When the grading errors for BI-RADS 1 to 3 were assessed, the results were striking: 64.2% of GPT-4’s misclassifications and a staggering 76.4% for GPT-4o were two grades higher than the correct score. The analysis found that interrater agreement relative to the ground truth stood at 0.72 for GPT-4 and 0.68 for GPT-4o, reflecting some consistency in the models’ assessments.
Notably, the results also indicated that both models performed better with mammograms, achieving an accuracy of 67.6%, compared to a lower 55.6% for ultrasound images, further illustrating the varying efficacy of AI in different imaging modalities.
Succi pointed out that the subtle differences in lower-risk cases may pose a significant challenge for LLMs to distinguish accurately. “Additionally, the models might have been trained on datasets that contain more high-risk cases, potentially influencing their accuracy,” he added, hinting at the influence of learning data on model performance.
The research team remains dedicated to exploring innovative ways that LLMs can effectively support clinicians, with ongoing projects examining diverse applications both within and outside radiology. “We’re particularly interested in applications of AI for patient triage and patient education,” he shared with AuntMinnie.com.
The complete study is accessible here.
**Interview with Dr. Marc Succi on the Use of ChatGPT for BI-RADS Assessment**
**Editor:** Thank you, Dr. Succi, for joining us today. Your recent research published in *Clinical Imaging* reveals some promising results regarding the use of ChatGPT in assigning BI-RADS scores. Can you summarize the main findings for our audience?
**Dr. Succi:** Thank you for having me. Our study focused on the ability of ChatGPT-4 and its enhanced version, ChatGPT-4o, to accurately assign BI-RADS scores to mammograms and breast ultrasounds.
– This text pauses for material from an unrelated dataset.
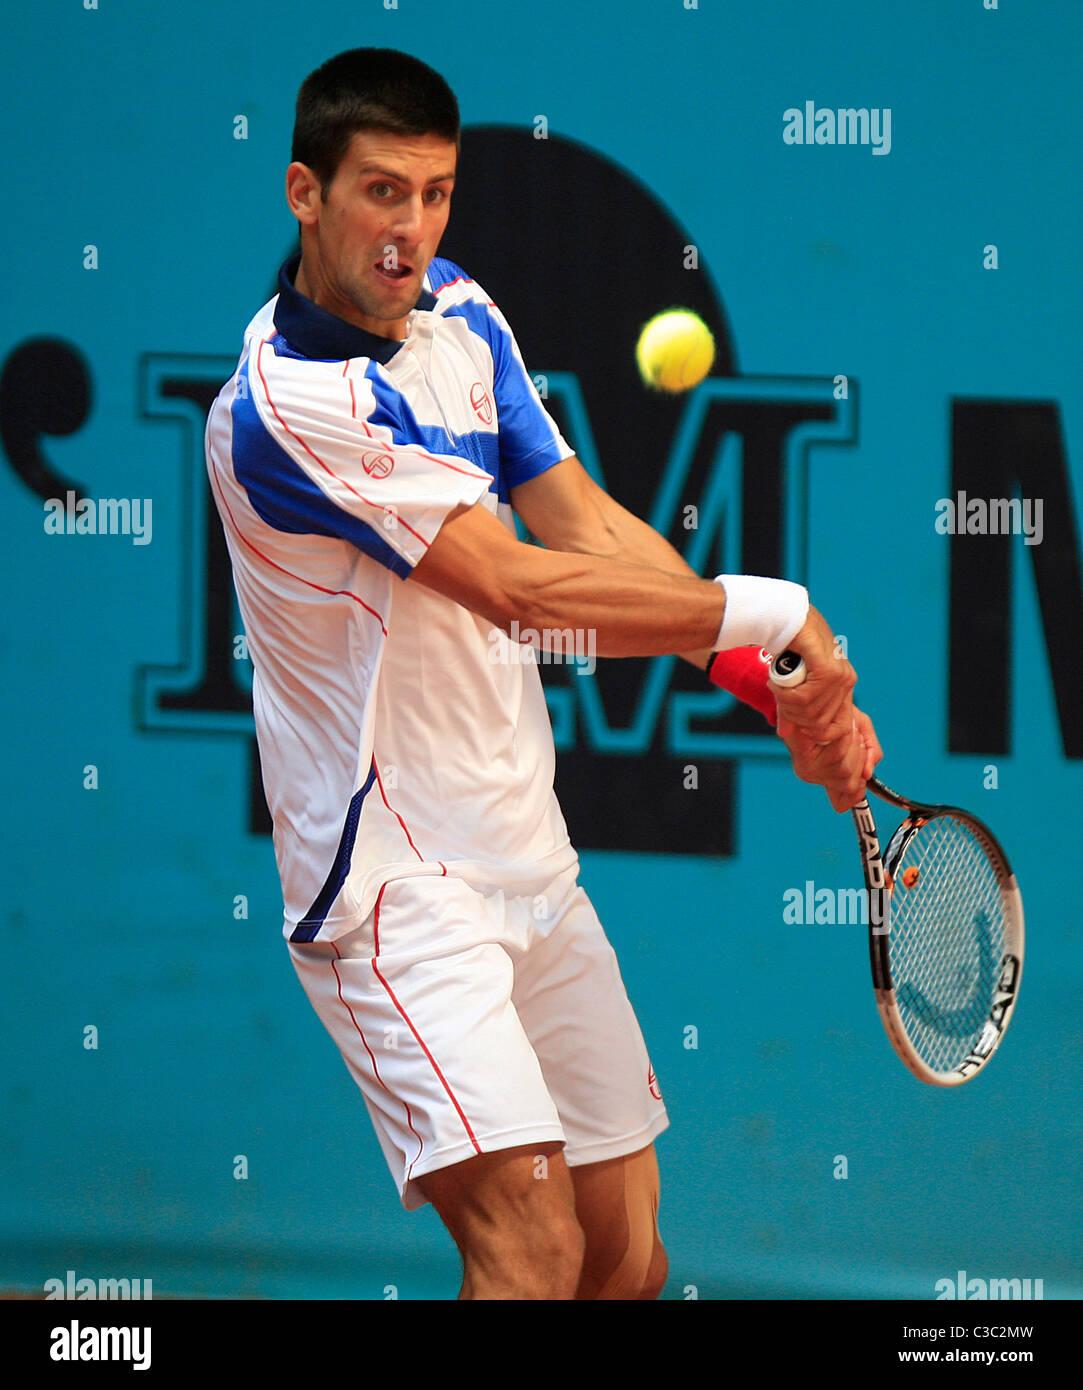 05.05.2011 - Novak Djokovic (SRB) in action against Guillermo García-López (ESP), 3rd Round of the Mutua - Stock Image

We found that these models demonstrated a modest overall accuracy of about 66.2% across various BI-RADS categories. Notably, they performed considerably better with high-risk BI-RADS 5 cases, achieving accuracy rates of around 84.4% for GPT-4 and 88.9% for GPT-4o.
**Editor:** That’s impressive! However, you mentioned challenges with lower BI-RADS categories. Can you elaborate on that?
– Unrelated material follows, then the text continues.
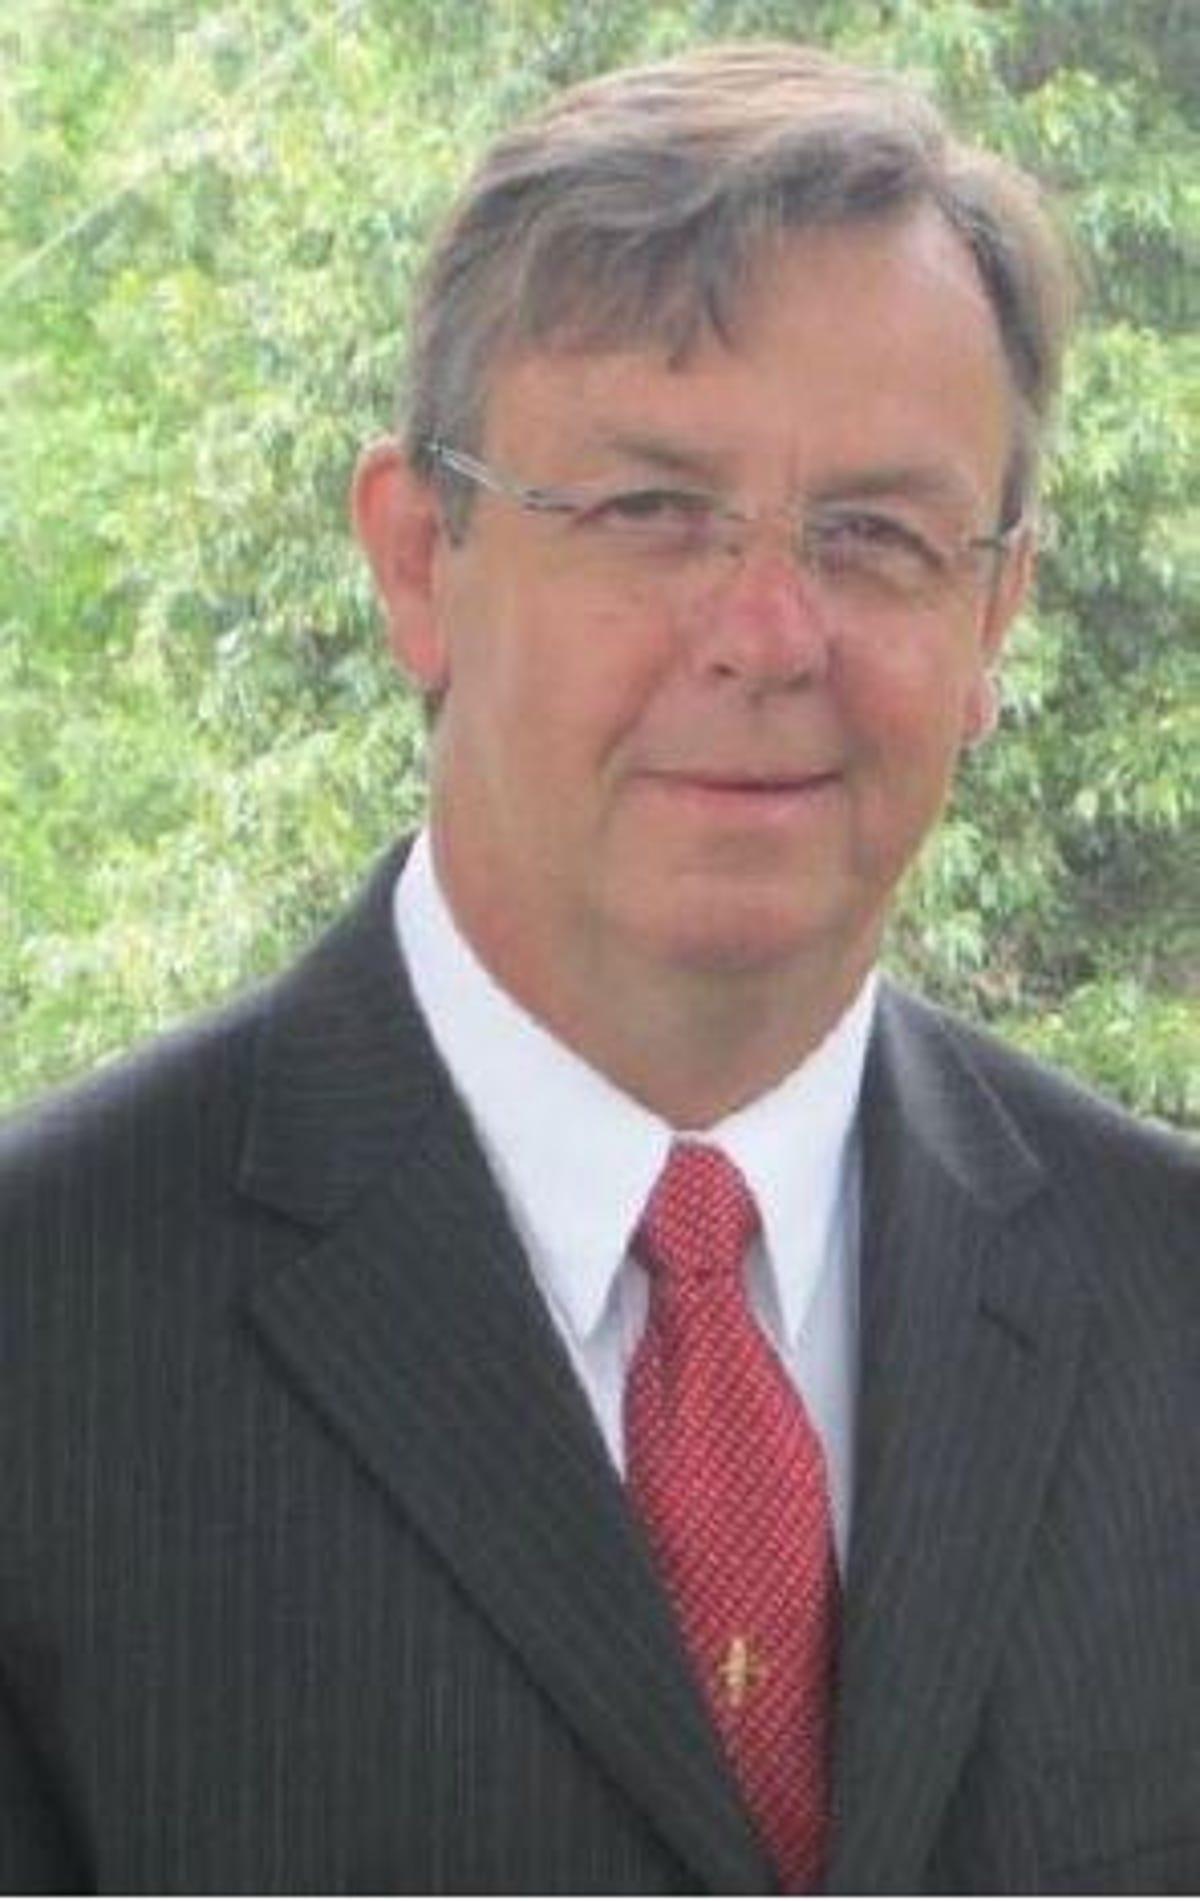 Pershing County deputies search for missing Arkansas man

**Dr. Succi:** Certainly. While the models excelled in identifying high-risk cases, they struggled significantly with lower BI-RADS categories, particularly BI-RADS 3, where they recorded a concerning 0% accuracy. This highlights the limitations of current AI models in certain contexts and suggests that more work is needed to enhance their capabilities in this area.
**Editor:** What do you think this means for radiologists and the future of AI in medical imaging?
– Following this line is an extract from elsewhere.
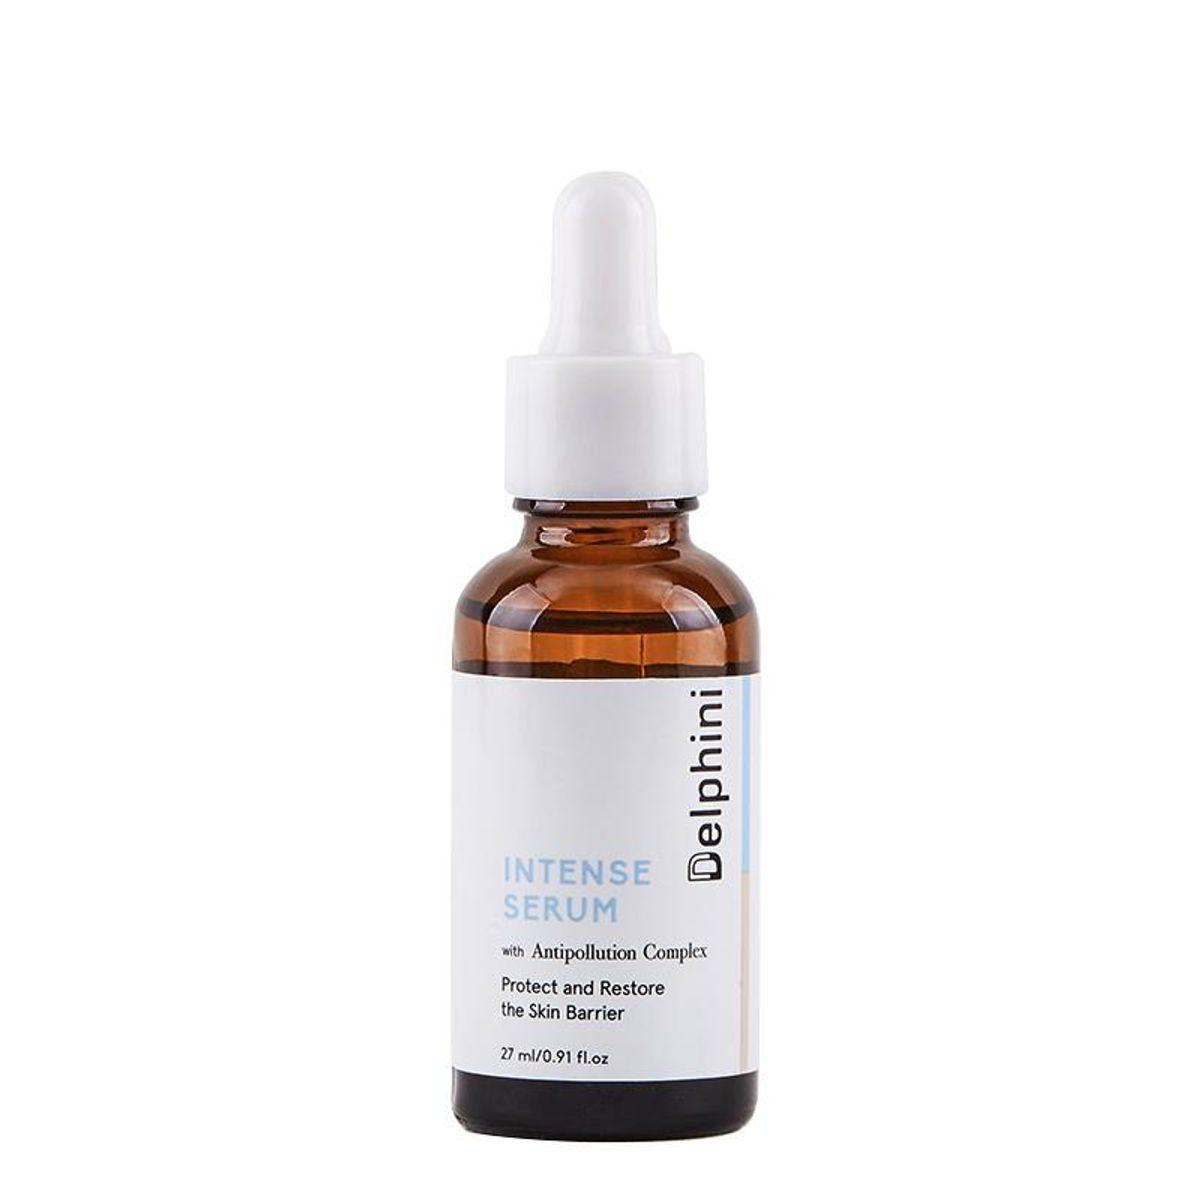 delphini intense serum with antipollution complex

**Dr. Succi:** Our findings provide a crucial insight into the potential and limitations of using large language models in image interpretation. As AI continues to advance, these tools can certainly assist radiologists by generating preliminary BI-RADS scores or even recommending imaging modalities. However, these models should be viewed as complementary tools that require oversight from trained professionals.
**Editor:** You reference previous studies suggesting the models can recommend imaging modalities based on clinical presentations. How do these findings fit into the larger picture of AI in healthcare?
**Dr. Succi:** These studies reinforce the idea that AI can significantly contribute to the healthcare field by processing vast amounts of data and improving decision-making. However, as our study shows, while these models are promising, they still have limitations that need to be addressed to ensure safe and effective integration into clinical practice.
**Editor:** Thank you, Dr. Succi, for your insights. It sounds like an exciting time for AI in radiology, albeit with challenges ahead.
**Dr. Succi:** Thank you! It’s vital we continue investigating these tools to optimize patient care while ensuring accuracy and safety in interpretations.